**ASSIGNMENT**
The reply is a verbatim copy of the listing below with its images dropped.

**SOURCE DATA**
━━━━━━━━━━━━━━━━
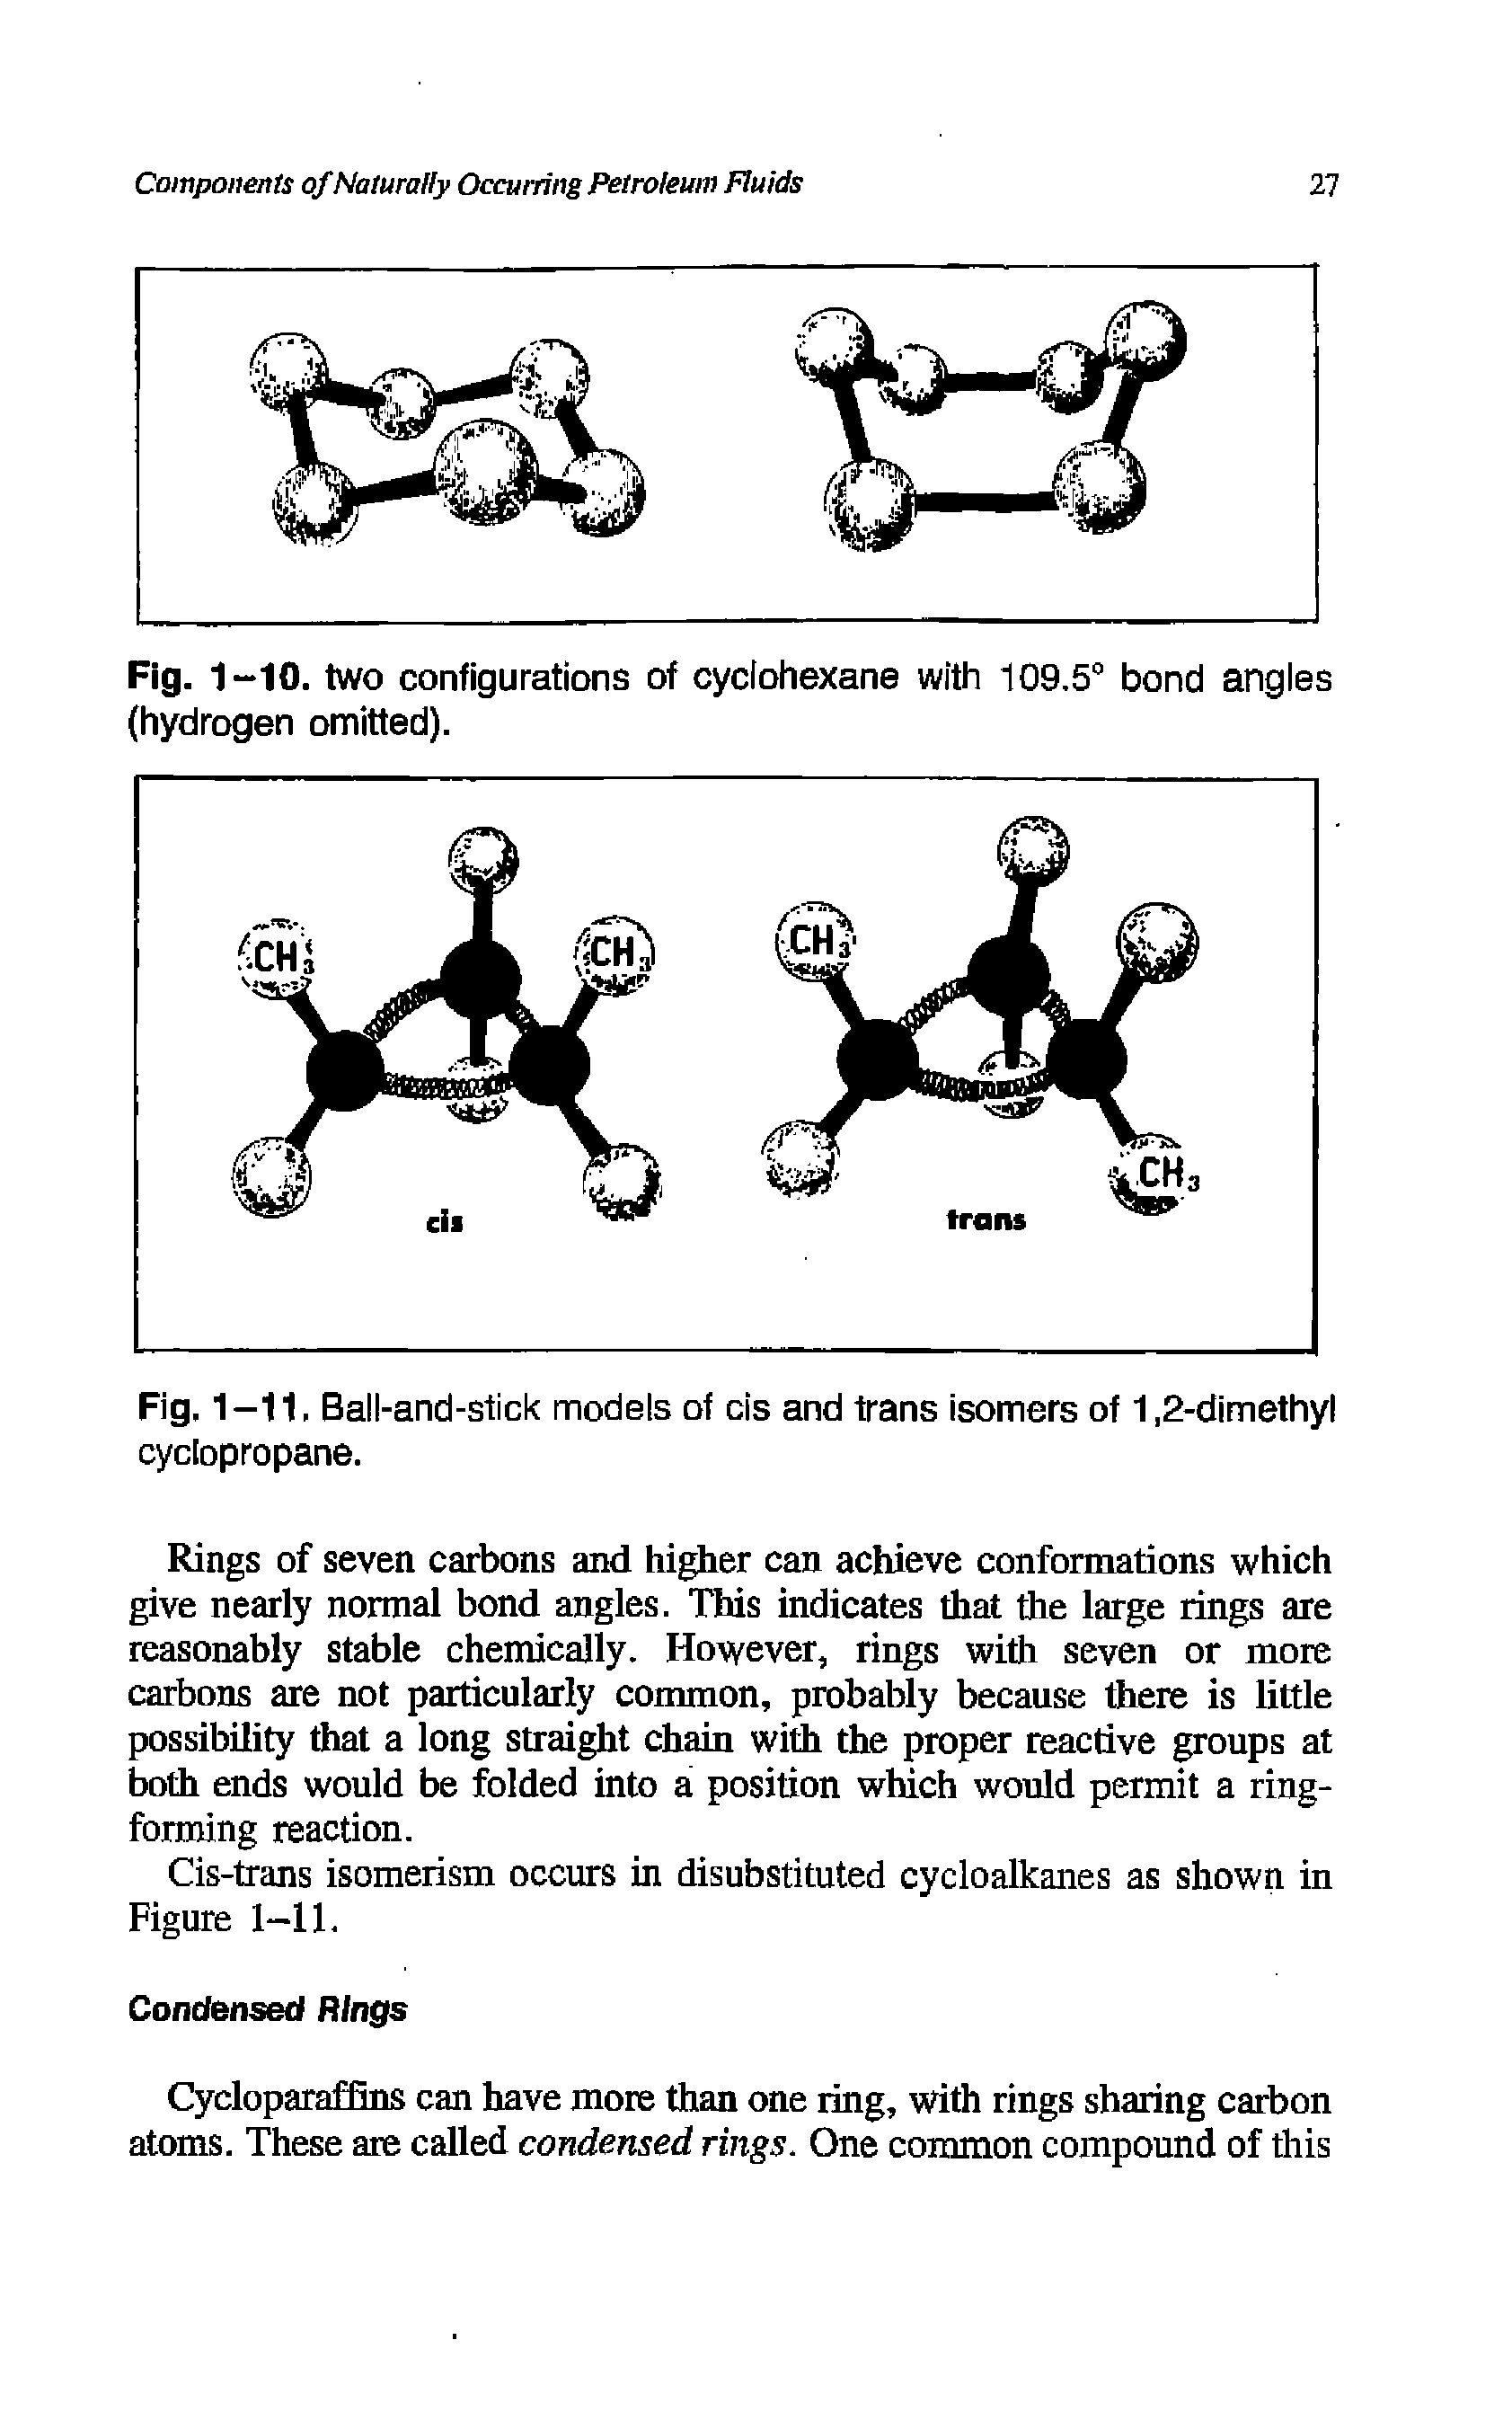 Fig. 1-11. Ball-and-stick models of cis and trans isomers of 1,2-dimethyl cyclopropane.
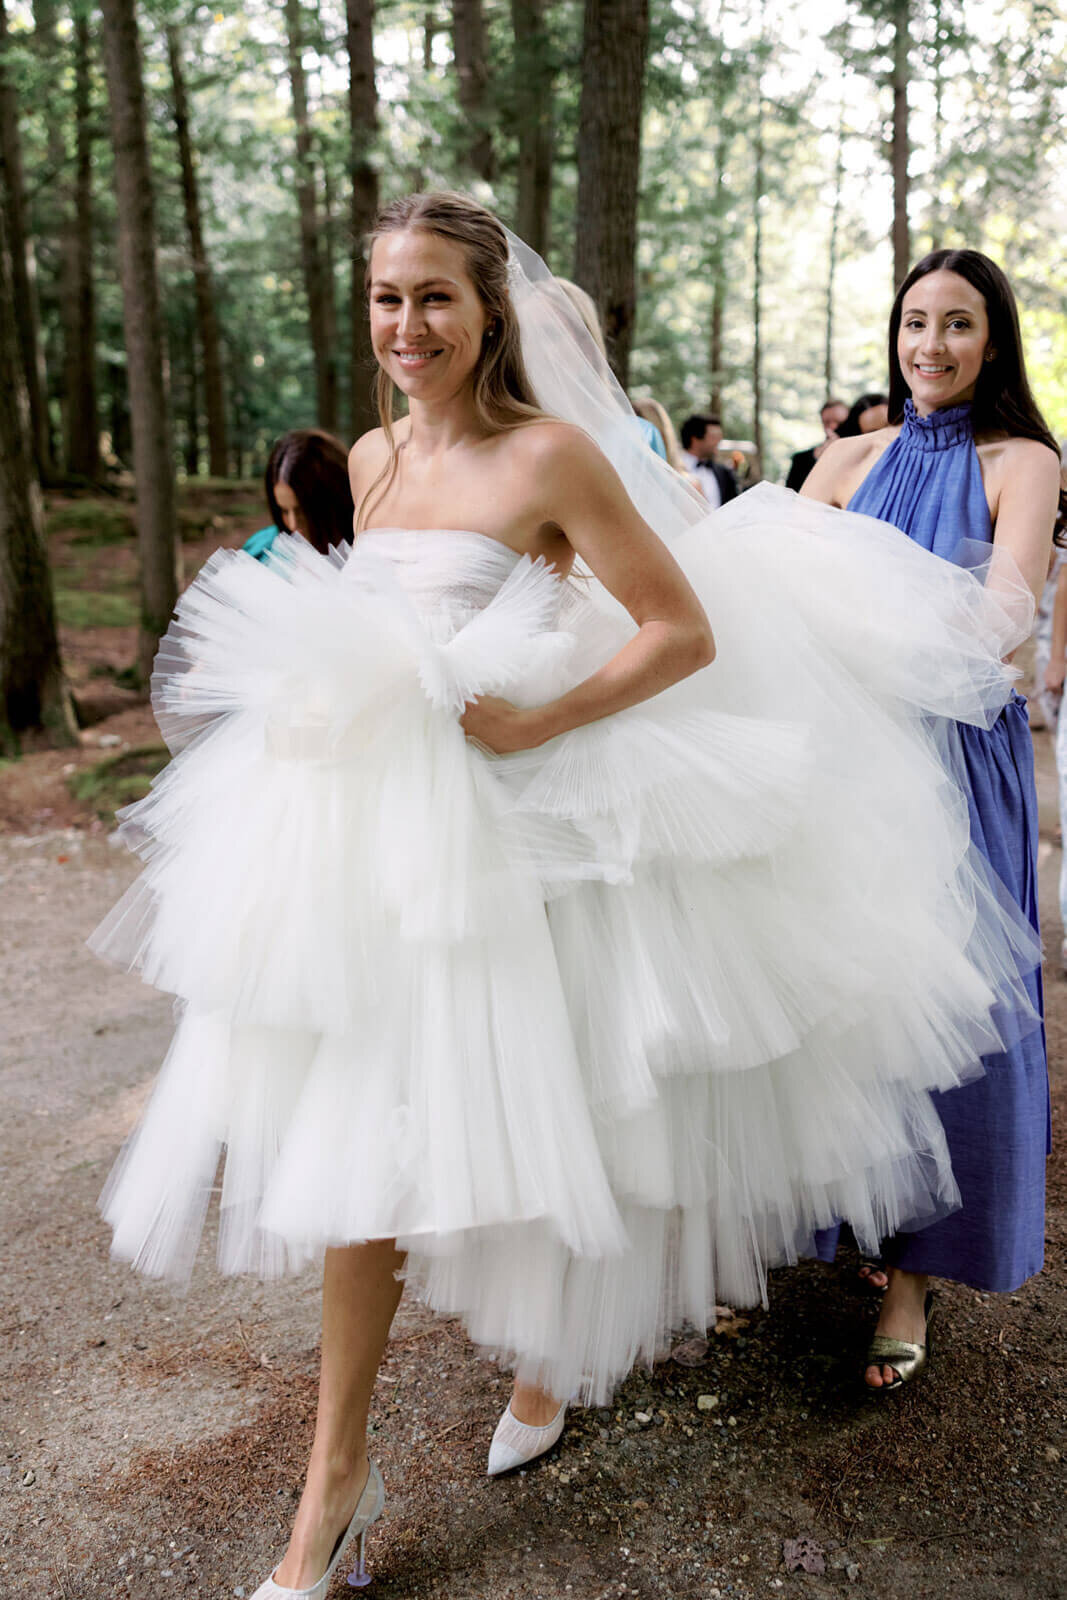 The bride is walking outdoors, lifting her wedding gown, and a bridesmaid is holding the gown's train at The Ausable Club,NY.
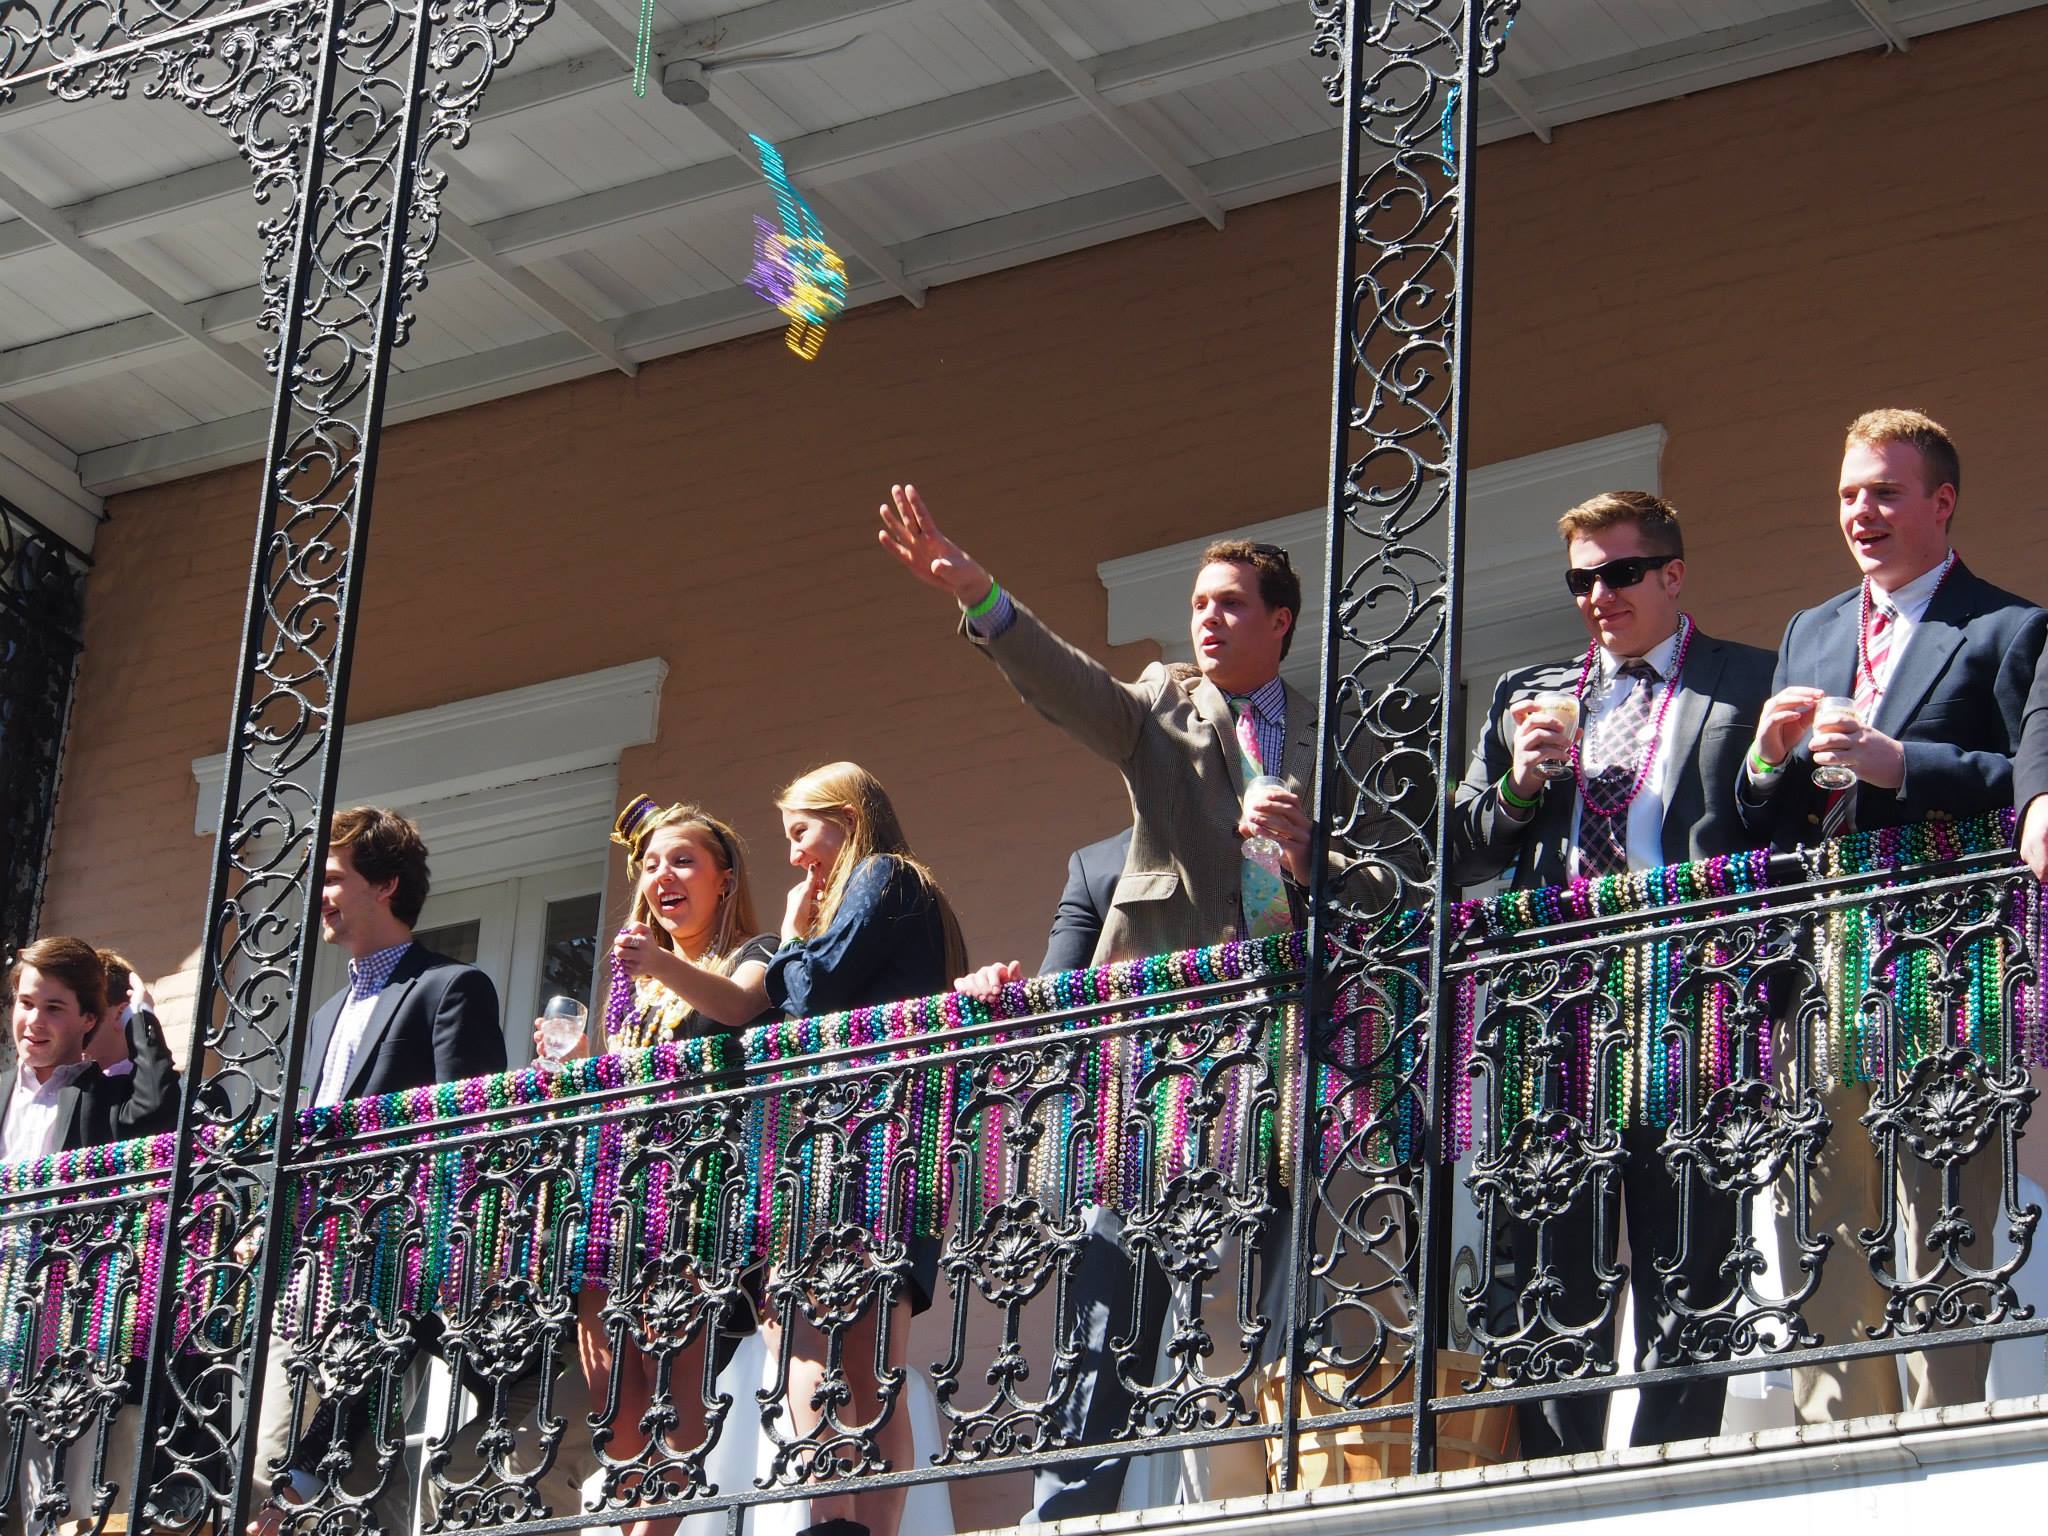 mardi-gras-throwing-beads-new-orleans
━━━━━━━━━━━━━━━━
**FINAL ANSWER**
 Fig. 1-11. Ball-and-stick models of cis and trans isomers of 1,2-dimethyl cyclopropane.
 The bride is walking outdoors, lifting her wedding gown, and a bridesmaid is holding the gown's train at The Ausable Club,NY.
 mardi-gras-throwing-beads-new-orleans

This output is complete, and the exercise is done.